Vs Prolog, the emphasis in miniKanren is on constraint programming ---
especially writing new constraints to extend it to more problems. Where (chief
variants of) Prolog have been optimized in various ways for certain types of
problems.

See Will Byrd's answer here:
[https://stackoverflow.com/questions/28467011/what-are-the-
ma...](https://stackoverflow.com/questions/28467011/what-are-the-main-
technical-differences-between-prolog-and-minikanren-with-resp)

What I read about Datalog is that it is basically a recursive relational
database. It's set up for "deductive queries". This wording reminds me of
miniKanren --- but the Kanrens are Turing complete.

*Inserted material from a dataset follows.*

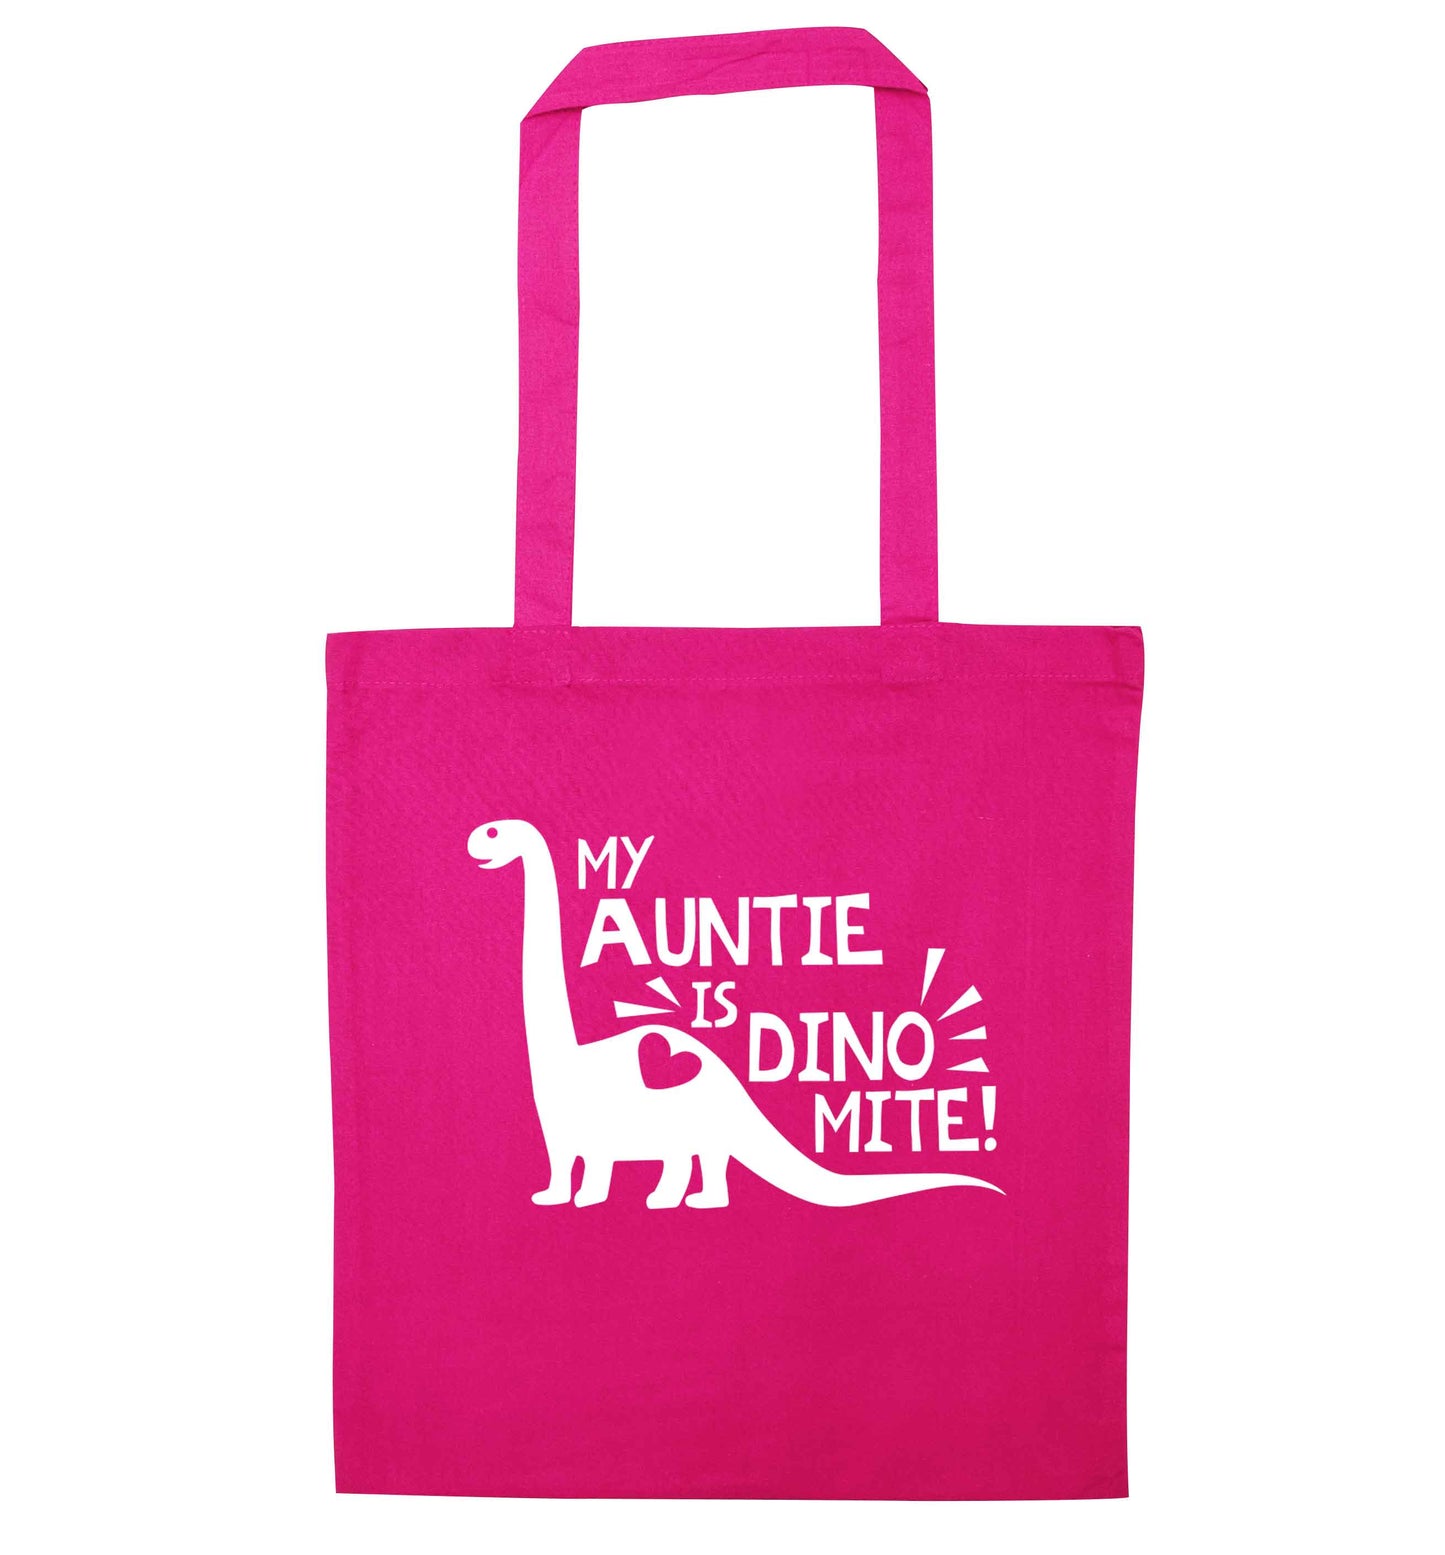 My auntie is dinomite! pink tote bag

Ah, Wikipedia has this to say:

In contrast to Prolog, Datalog,

1.) disallows complex terms as arguments of predicates, e.g., p (1, 2) is
admissible but not p (f (1), 2),

2.) imposes certain stratification restrictions on the use of negation and
recursion,

3.) requires that every variable that appears in the head of a clause also
appears in a nonarithmetic positive (i.e. not negated) literal in the body of
the clause,

4.) requires that every variable appearing in a negative literal in the body
of a clause also appears in some positive literal in the body of the clause[4]

I'd have to put some thought into checking this list against the capabilities
of miniKanren. Generally it doesn't ring any bells.

------
mathetic
OP here. Happy to answer any questions.